I am not sure, really, what to take from our team's experience. I find myself feeling so pessimistic about the dire situation in P-a-P: The Haitians were in a tough spot before the quake, and now they are facing what seem to be insurmountable obstacles--economically, politically, health-wise, community-wise, on an infrastructural level, etc. I tell stories and praise the impressive University of Miami hospital and the strength and graciousness of the Haitian people, but I find I always return to the tragic elements that I witnessed:
Divided families
Homelessness
Displacement
Misdirection
Futility
Filth
Disease
Insufficient support
Inadequate relief
Disorganized relief
Reduction in relief workers (by the time we left)
Fading of media coverage
Hunger
Destruction
Lack of leadership
And so on. I go about my daily life conscious of the experience but always wondering what I am supposed to take from it, what I am to learn, how I am to integrate Haiti into my life.

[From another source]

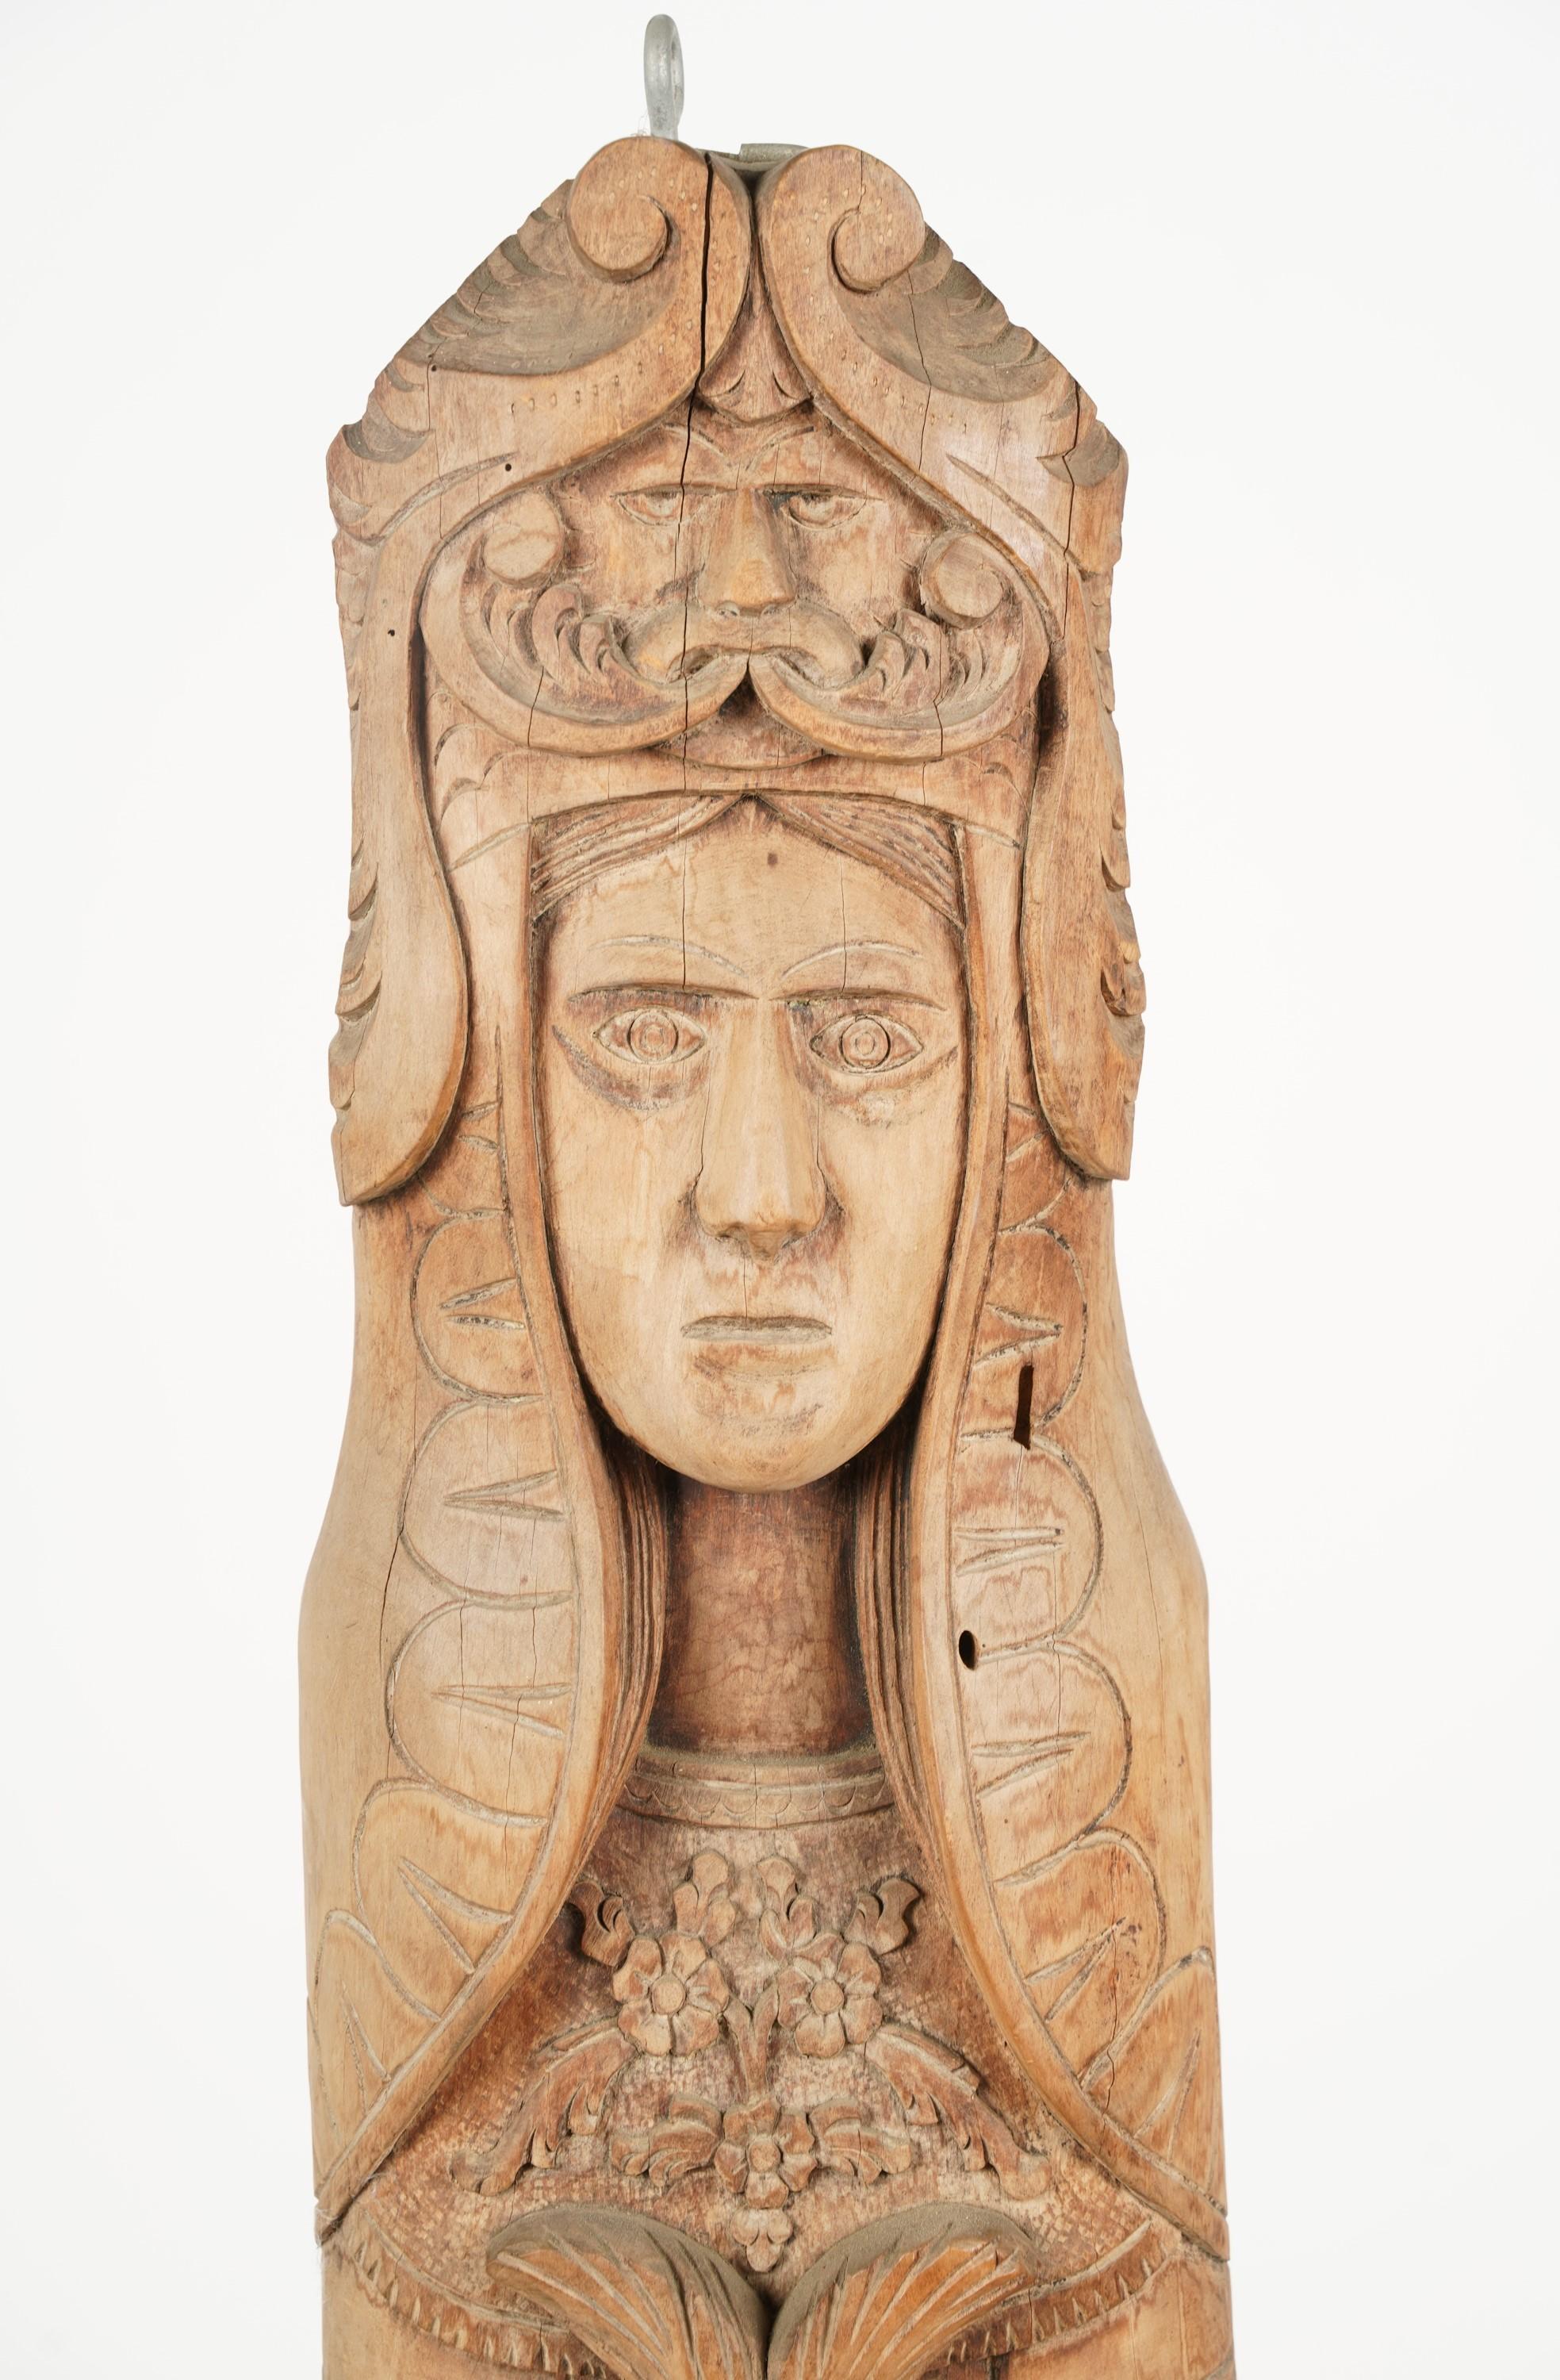 A large, heavy, intricately carved, rather engaging wood folk art pagan totem figure of a woman carrying a three-headed fish with the God of Wind (North wind or perhaps an Anemoi) symbol above her head.  Her captivating yet stoic gaze and

I do not have a link to a website or a cause that you should support with direct intent of donating to Haiti.
Go.
Help fix the mess.
Even if you are like me and without any specialized training, there is a storage facility at a hospital that needs your help with organizing so that the doctors do not waste five minutes looking for a specific size scalpel while a patient waits in pain. There is no good reason why the tons of donated food in that storage facility is rotting in the sun.
I met a 22-year-old Harvard alum who was starting an N.G.O. with the aim of assisting community centers in creating child development courses (e.g. art, karate, dance, soccer, etc.) during and after earthquake recovery.

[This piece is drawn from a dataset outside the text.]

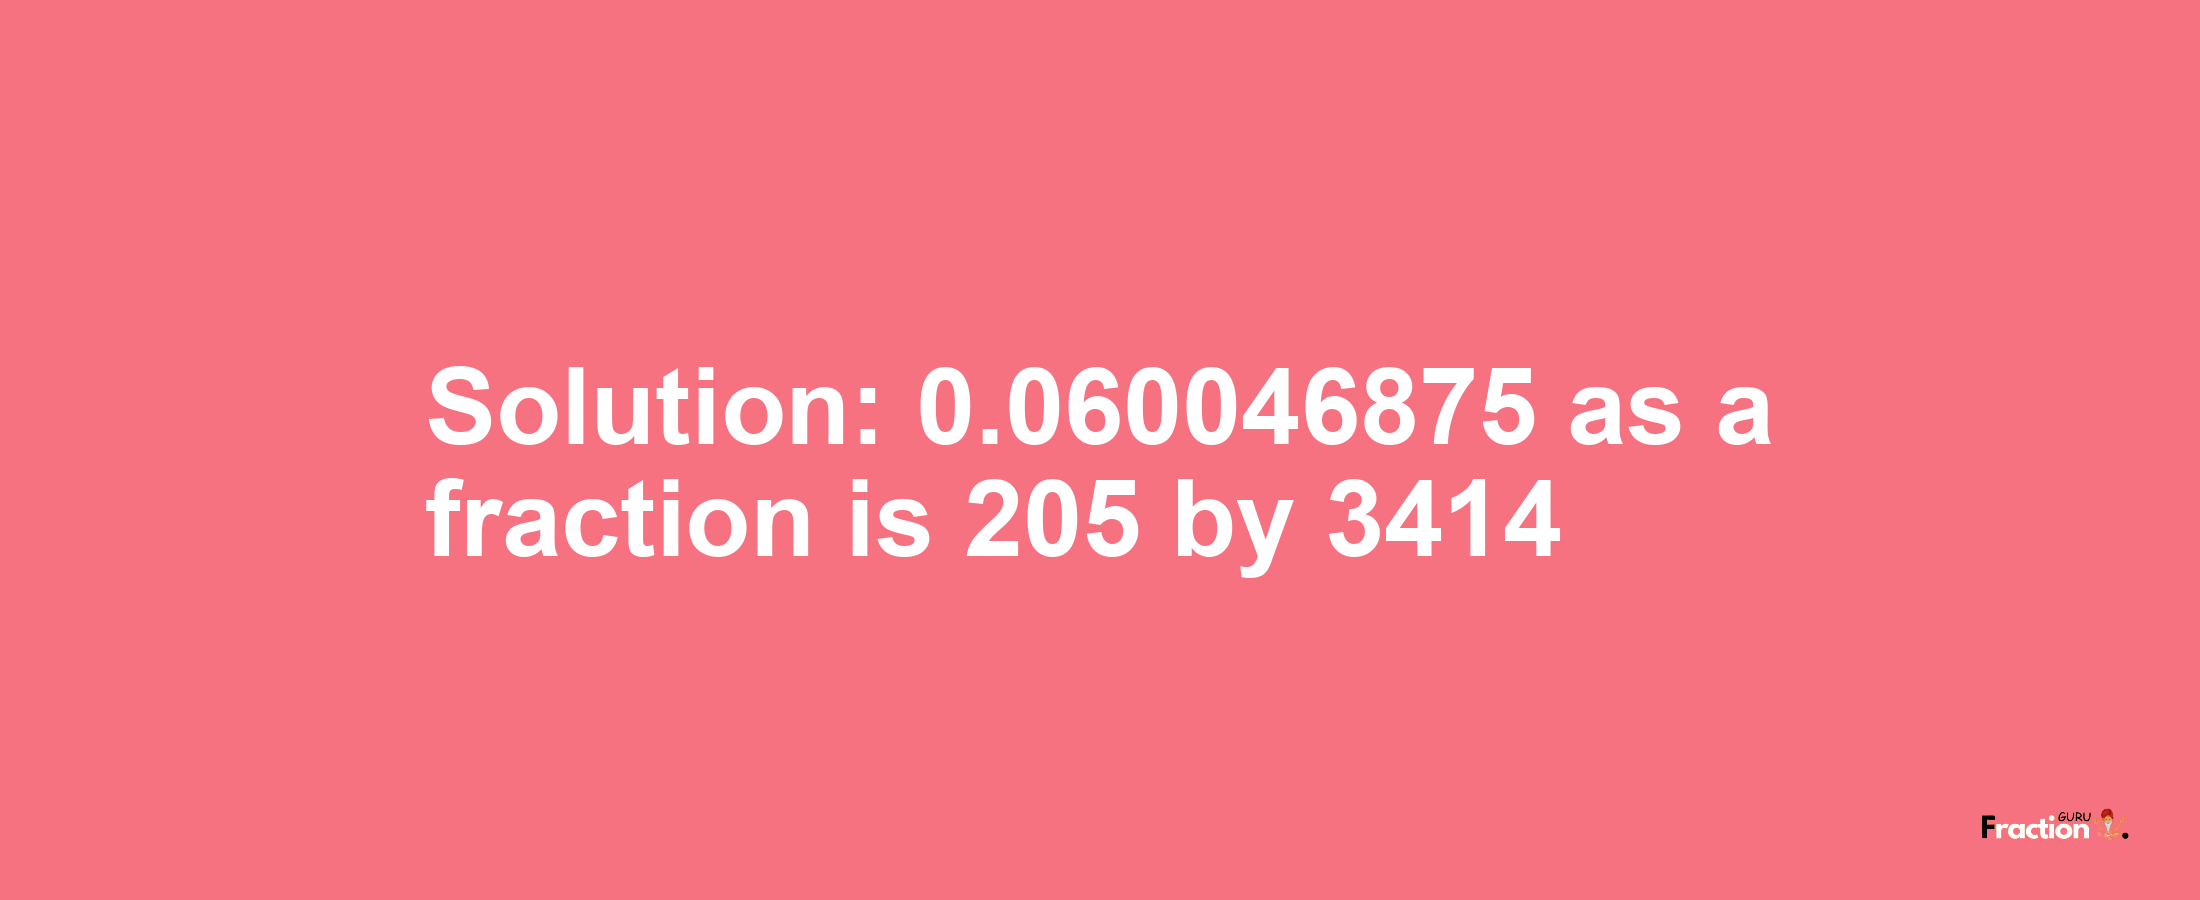 Solution:0.060046875 as a fraction is 205/3414

I met two young men who started an N.G.O. with the aim of scouting out communities that had yet to receive aid, the aim of finding aid and relief workers, and the aim of connecting the two.
And I met a 26-year-old college drop-out who spent his days struggling to learn Haitian Creole while he drove trucks around P-a-P pursuing rumors of water and food aid so that he could claim it for a particular orphanage.
There are still buildings down throughout P-a-P, and I can only imagine what the rest of the country looks like. A man swinging a pickaxe at a fallen slab of concrete catches his son's head on the back-swing; though the child retains the majority of his motor functions, his father now has another emotional burden and physical restriction to uncovering whatever is underneath that concrete slab.
Find a way to get there.
Here was mine.
And just because Haiti is not the news' top story and just because many relief workers are returning (if not returned) does not mean the country does not remain cracked and broken.